Your copy should begin with the line containing "Burundi - BL2 - ONU - 1963 - MNH - Nuevos", end with the line containing "Garnier Thiebaut Tischläufer", match the listing below exactly, and contain no pictures.

(Record excerpts begins)

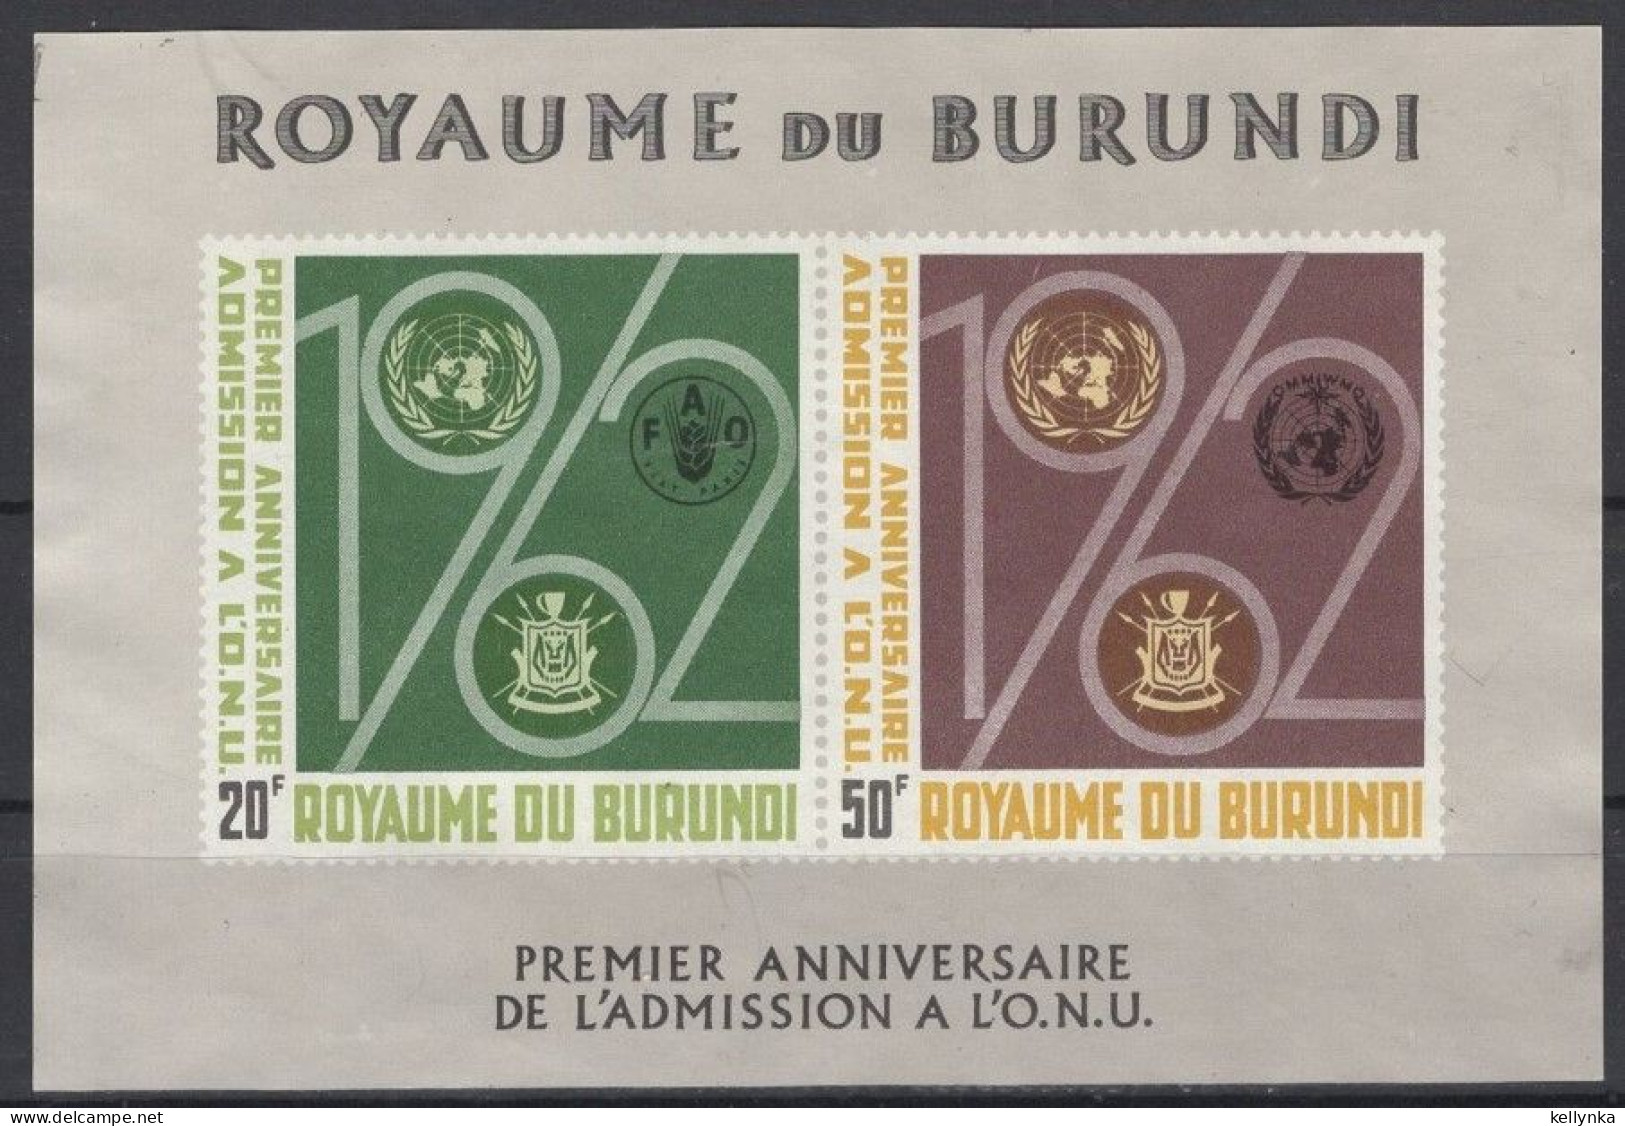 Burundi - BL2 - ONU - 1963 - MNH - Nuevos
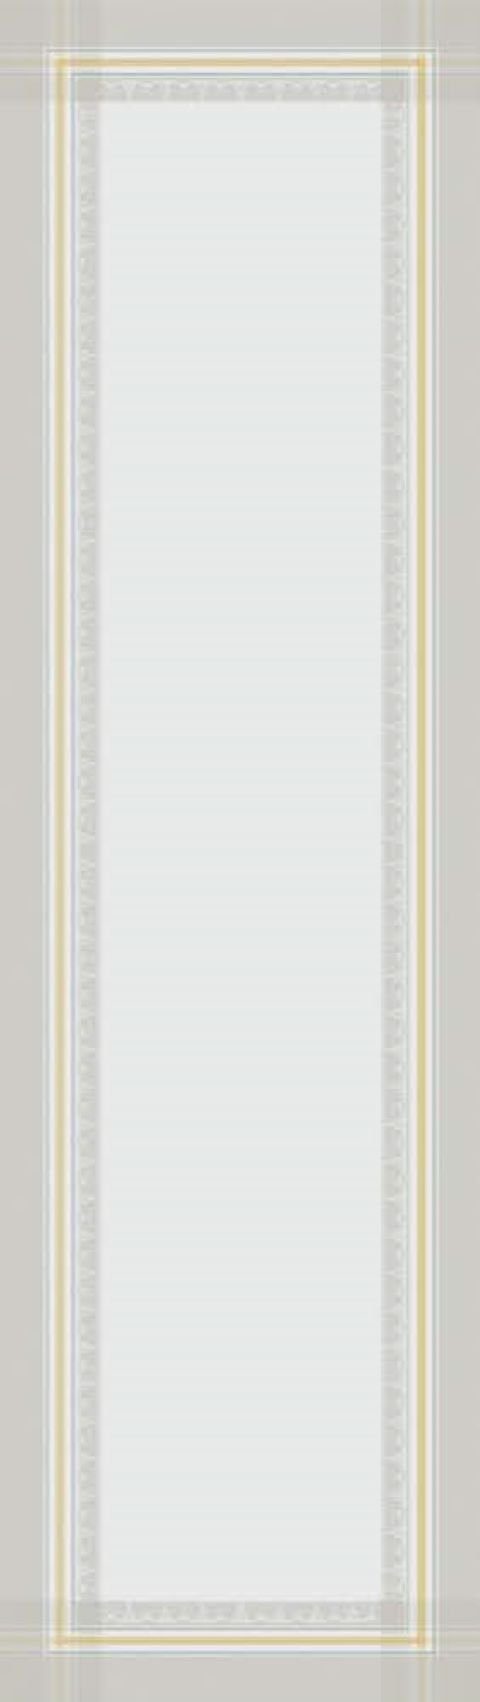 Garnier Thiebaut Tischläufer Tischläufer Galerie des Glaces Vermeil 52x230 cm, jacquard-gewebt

(Record excerpts ends)
(Record excerpts begins)

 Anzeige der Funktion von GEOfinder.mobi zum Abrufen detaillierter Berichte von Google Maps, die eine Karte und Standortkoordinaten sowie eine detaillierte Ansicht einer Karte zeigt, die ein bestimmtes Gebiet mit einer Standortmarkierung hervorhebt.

(Record excerpts ends)
(Record excerpts begins)

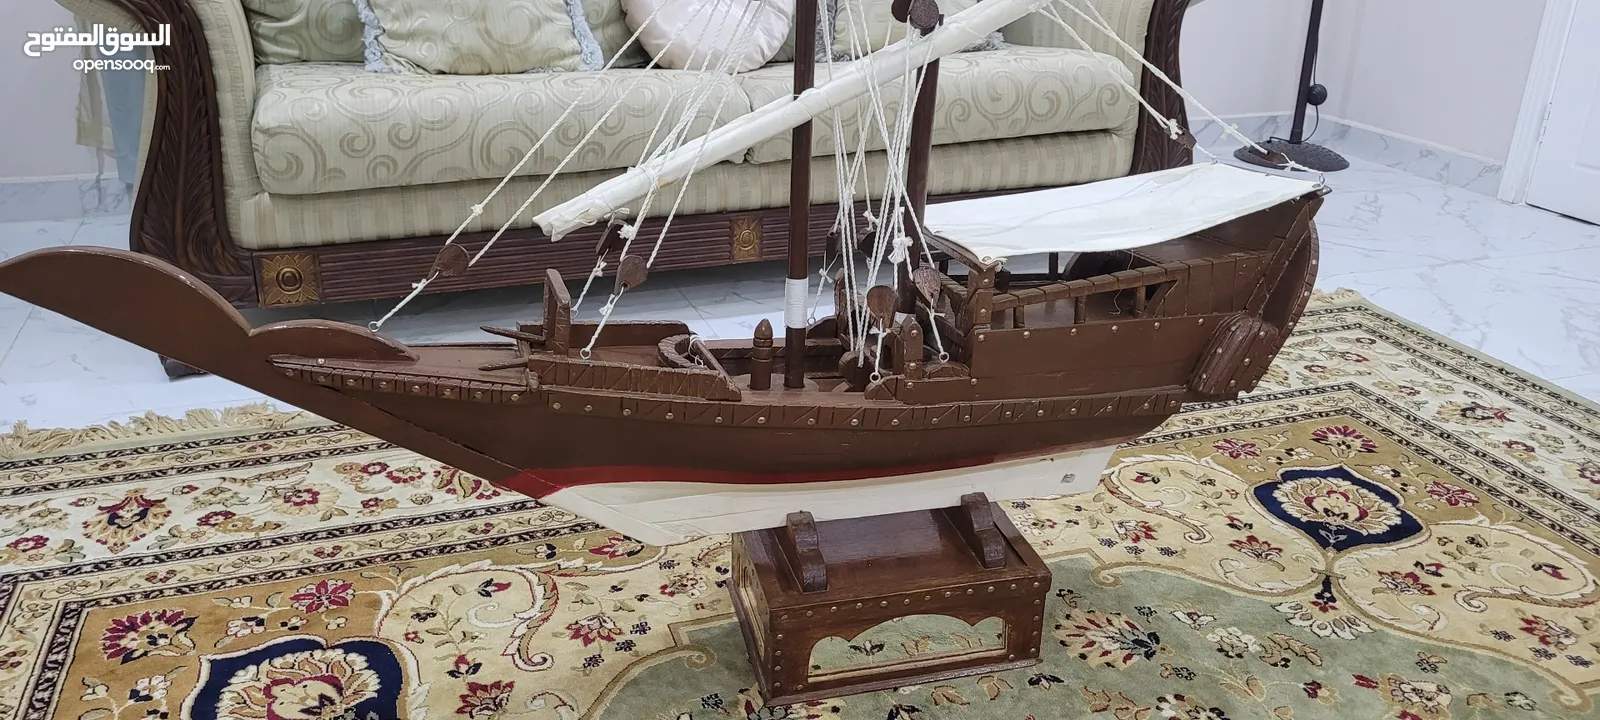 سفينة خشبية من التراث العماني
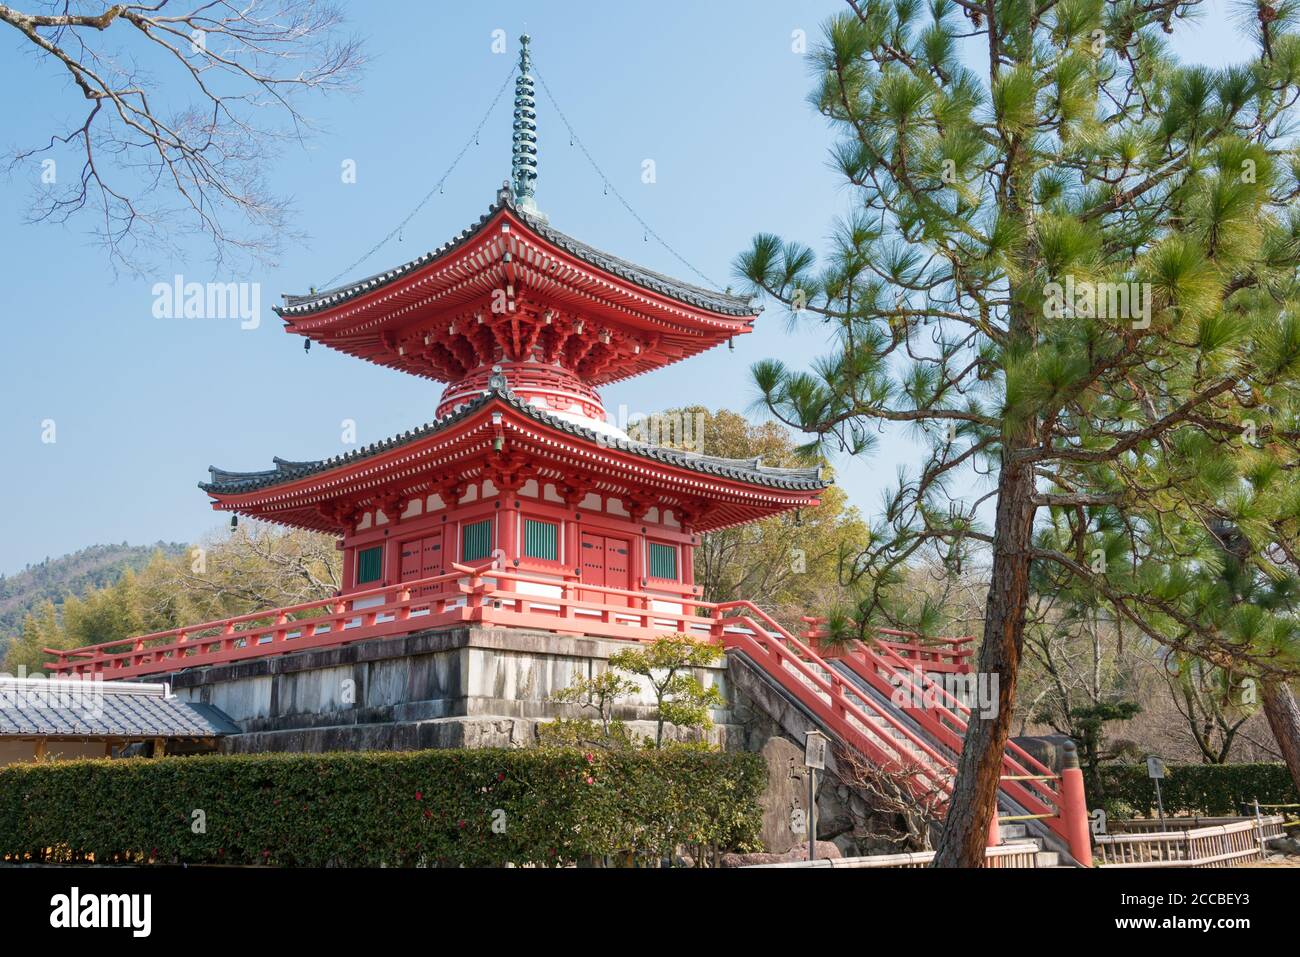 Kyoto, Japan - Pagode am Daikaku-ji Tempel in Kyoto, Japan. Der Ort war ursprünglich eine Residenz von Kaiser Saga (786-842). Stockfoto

(Record excerpts ends)

• Expected answer:
 Burundi - BL2 - ONU - 1963 - MNH - Nuevos
 Garnier Thiebaut Tischläufer Tischläufer Galerie des Glaces Vermeil 52x230 cm, jacquard-gewebt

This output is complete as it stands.